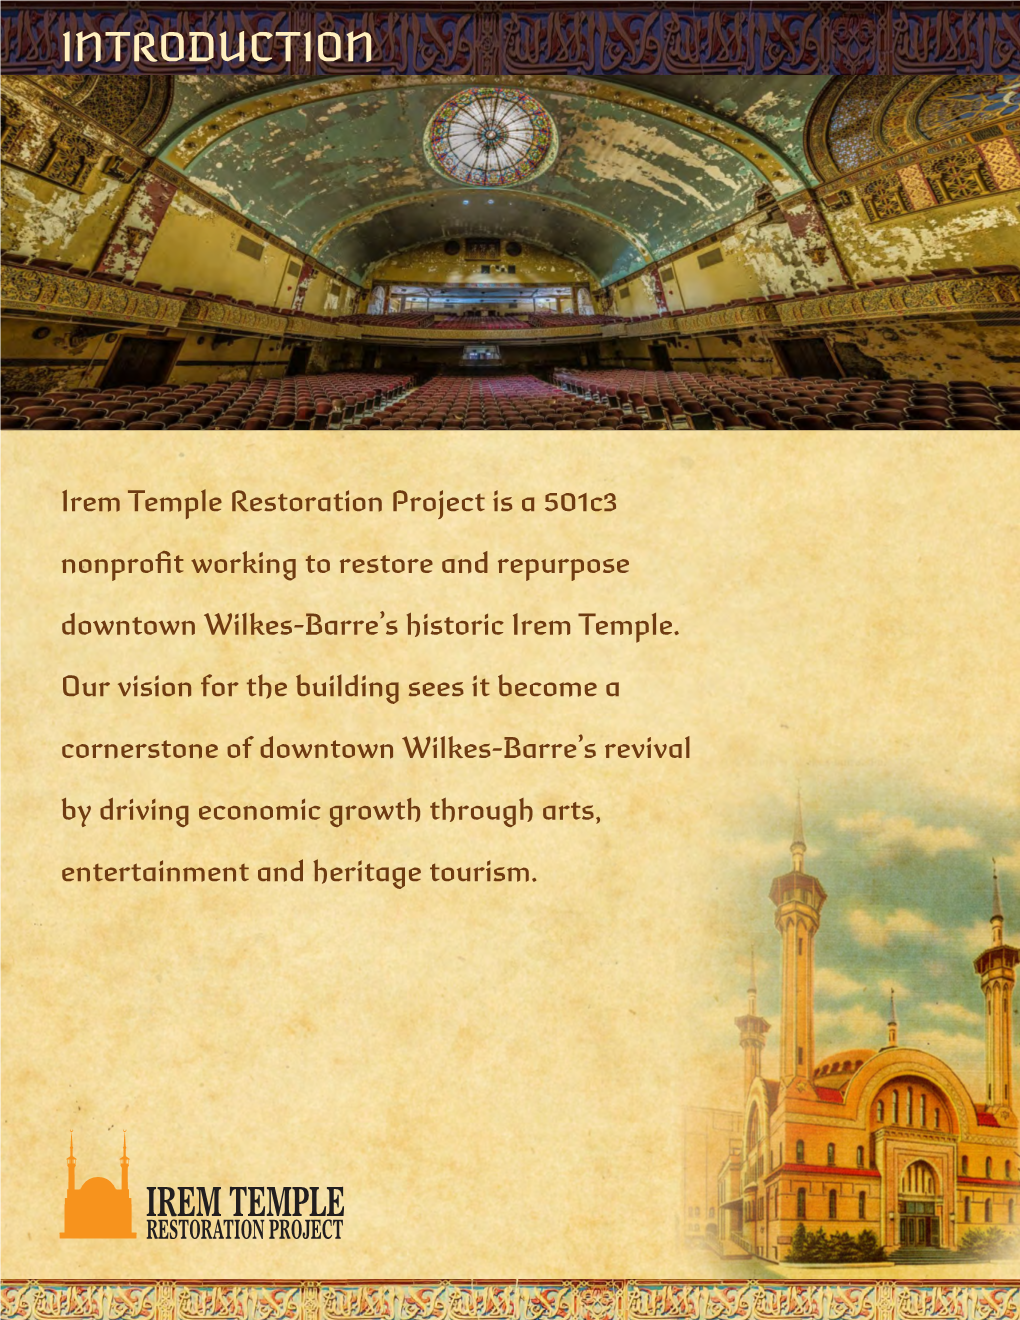 Irem Temple Restoration Project Is a 501C3 Nonprofit Working to Restore and Repurpose Downtown Wilkes-Barre’S Historic Irem Temple
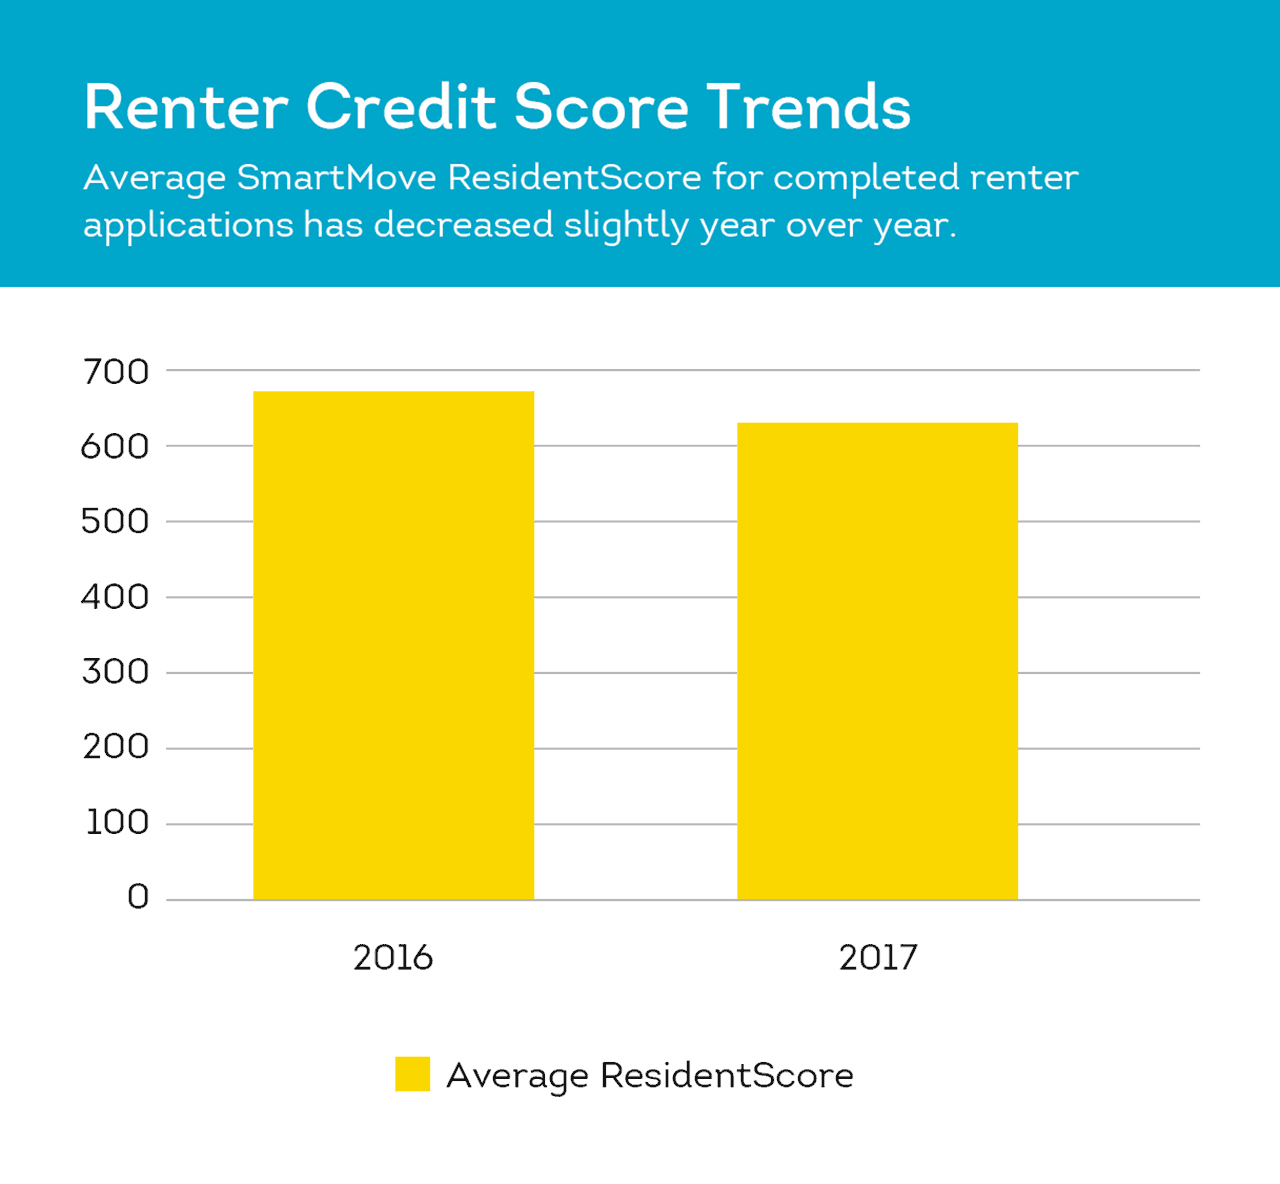 non-multifamily renter credit scores are slightly worse year over year
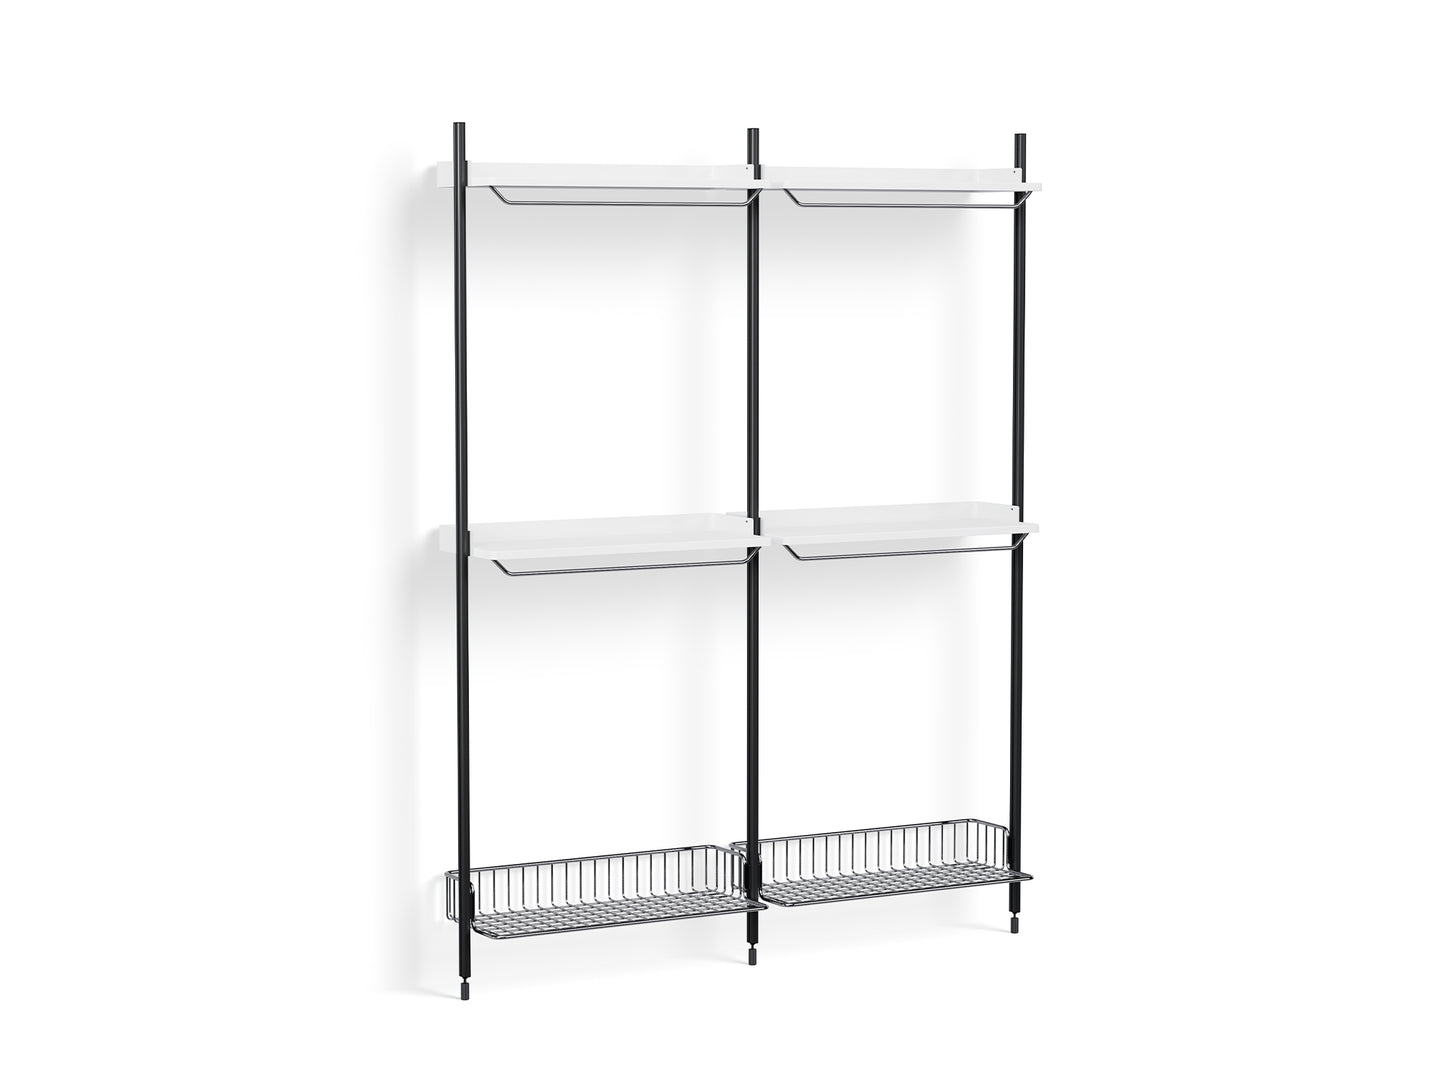 Pier System 1032 by HAY - Black Anodised Aluminium Uprights / PS White with Chromed Wire Shelf

Problem details.
Write the listing out in full, exactly; no images.

Written reply.
 Irem Temple Restoration Project Is a 501C3 Nonprofit Working to Restore and Repurpose Downtown Wilkes-Barre’S Historic Irem Temple
 non-multifamily renter credit scores are slightly worse year over year
 Pier System 1032 by HAY - Black Anodised Aluminium Uprights / PS White with Chromed Wire Shelf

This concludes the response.